Встреча на высшем уровне. Часть 1

 На последнем этаже высокого московского здания,на площадке, прилегающей к ввысь уходящей башне, еще недавно располагалось кафе. Теперь здесь было пусто и неприбрано, валялись два-три столика и несколько металлических стульев. К стене была прислонена кверху ногами перевернутая вывеска: Кафе "Встреча на высшем уровне".
   В этот час солнце стояло прямо над самой площадкой. Узенькая полоса тени оставалась только у стены башни. Этим воспользовались двое: установили столик так, чтобы открывался вид на город, сидели и разговаривали. У старшего, лет 50-ти, было хорошее открытое насмешливое лицо, осанкой и скупыми уверенными движениями он напоминал военного человека. Самым заметным в его внешности были черные волосы с сильной, какой-то яркой проседью. Одет он был, как и его собеседник, в легкую светлую куртку с откинутым капюшоном. Его собеседником был молодой, лет 22-х, человек, с мальчишеским, напряженным и замкнутым лицом. Казалось, он старался скрыть волнение: сжимал и разжимал пальцы, разглядывал ладони, приглаживал коротко остриженные волосы, поправлял воротник рубашки.
   - Успокойся,- говорил Старший. - Уже неделю знакомы, а тебя все еще как током дергает. А ведь ты смелый парень, я вижу. Ну да, ты познакомился со мной (он сильно подчеркнул последнее слово,и что-то особенное сверкнуло в его взгляде). Твоя нервозность начинает меня доставать. Повторю еще раз, но это последний раз,- хочешь уйти - вставай и уходи хоть сию минуту. А пока налей нам.
   И достал из сумки, стоявшей у ног, бутылку и два стакана. Молодой человек ответил:
   - Спасибо, что считаете меня смелым. А насчет уйти - об этом не может быть и речи. Я же не совсем дурак.
   Он налил в стаканы прозрачную жидкость, понюхал и, спросив: "Неужели спирт?", быстро выпил. Старший усмехнулся: - Не бойся.
   Младший сказал: - Еще два слова. Помните, в первые дни меня не просто била дрожь, меня колотило - сейчас этого почти нет, правда?
   - Тогда продолжим наш ликбез. Но тебя действительно не пугает, что ты мало-помалу превратишься в адвоката дьявола?
   - Вы же сами заметили: я смелый. И пока мне все нравится.
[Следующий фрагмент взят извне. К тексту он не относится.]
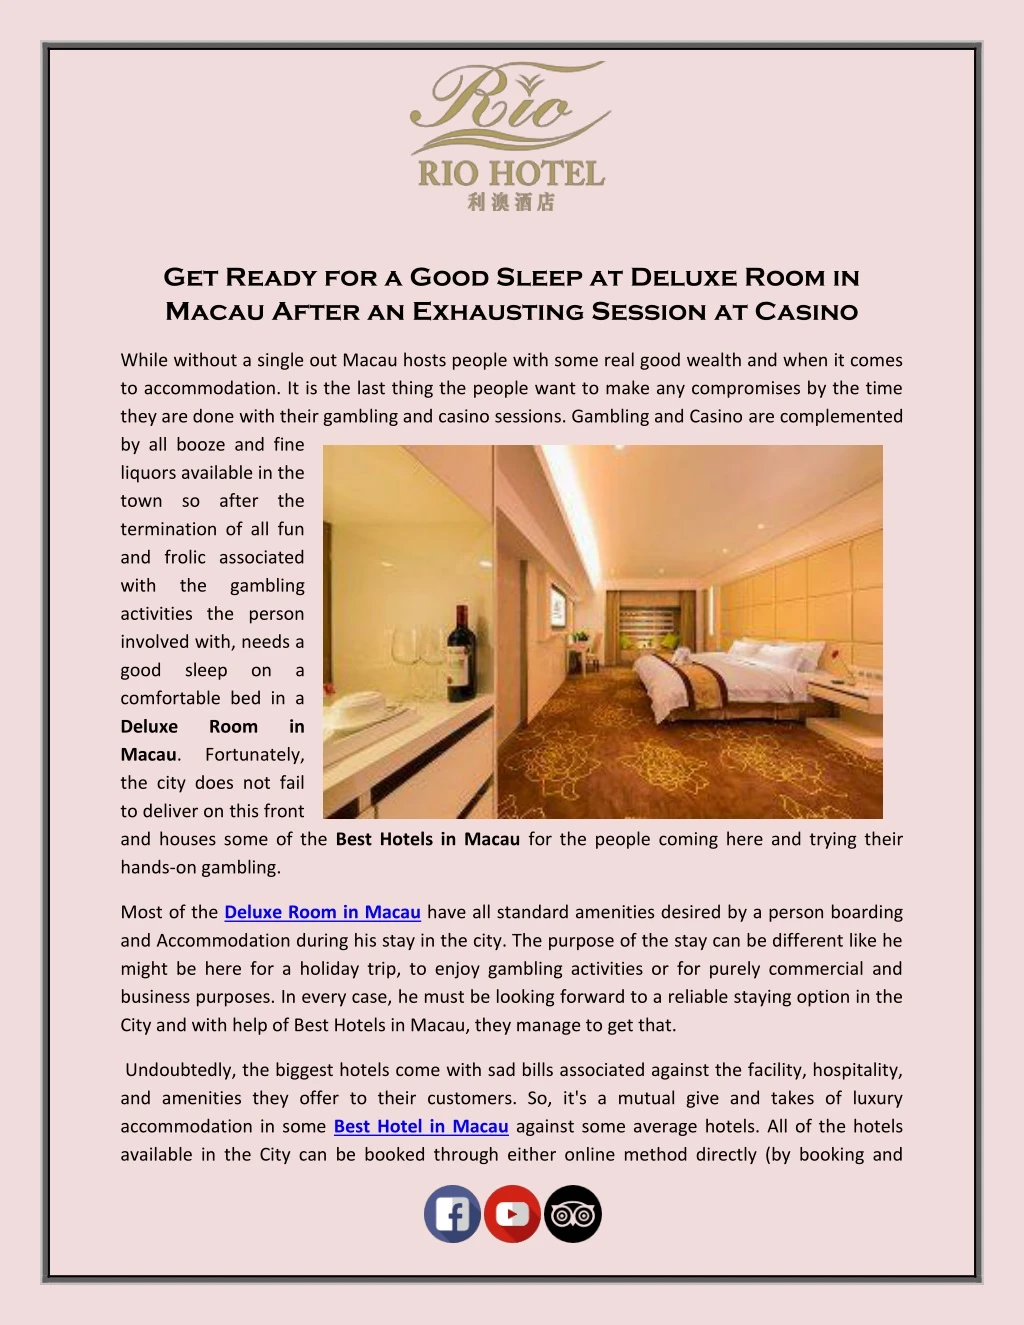 get ready for a good sleep at deluxe room
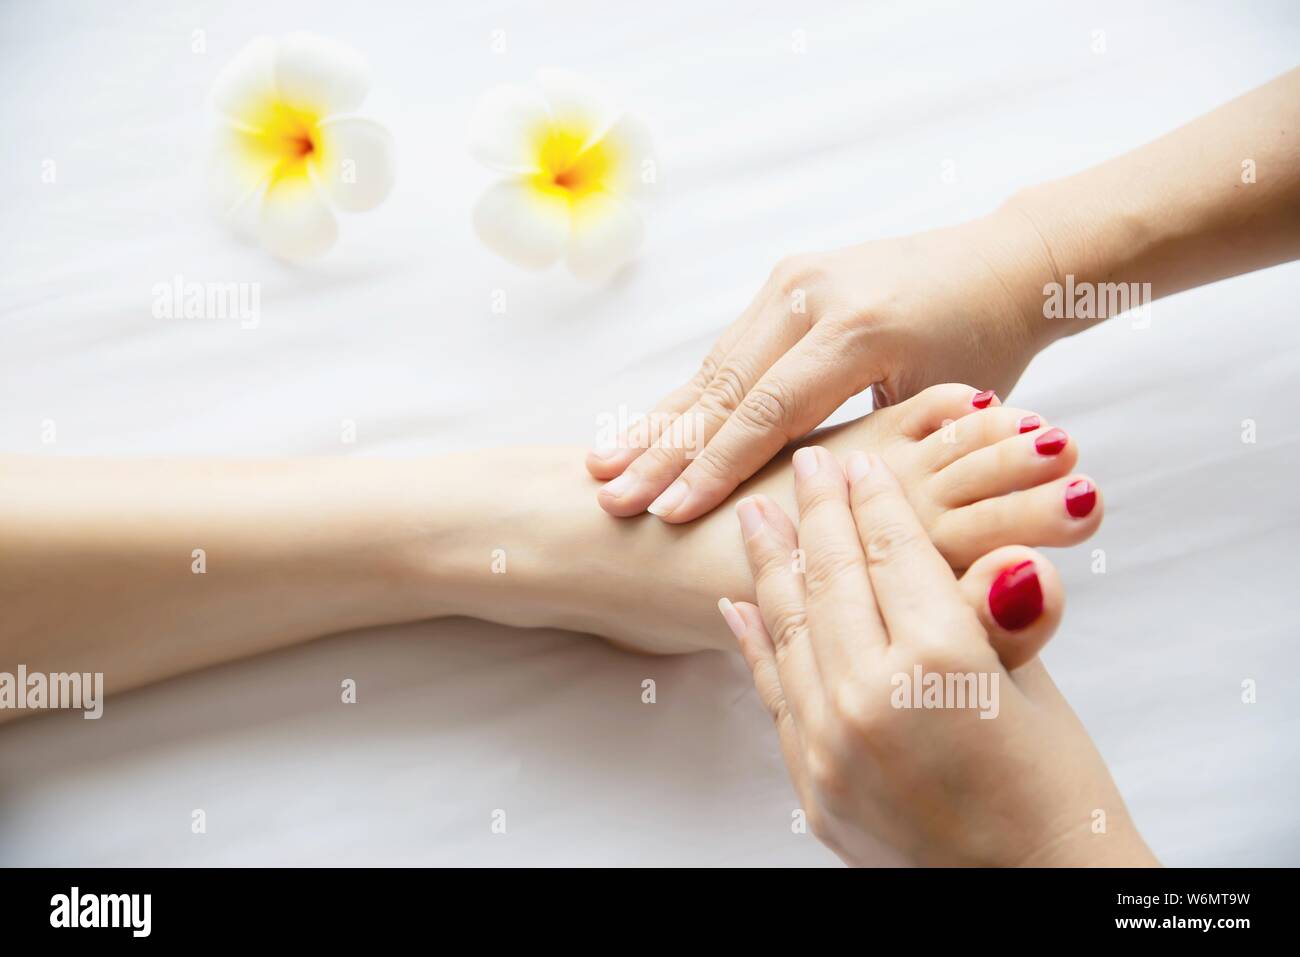 Woman receiving foot massage service from masseuse close up at hand and foot - relax in foot massage therapy service concept Stock Photo

   - Ну, хорошо, поехали дальше.
   - Что бы я ни спросил,- заговорил Младший, - это будет детский лепет. И все-таки рискну: почему Вы, при Ваших безграничных возможностях влиять на все, почему не вмешаетесь в ход событий? Ведь с такой властью, какая есть у вас, можно что захотите изменить, исправить.
   - Такой вопрос - совсем не детский лепет,- заметил Старший. Он наклонился к сумке, достал и поставил на стол очень маленький ноутбук (Младший поспешно отодвинул стаканы), что-то сделал - и Младший широко раскрыл глаза: у маленького нотбука возник монитор с диагональю больше метра.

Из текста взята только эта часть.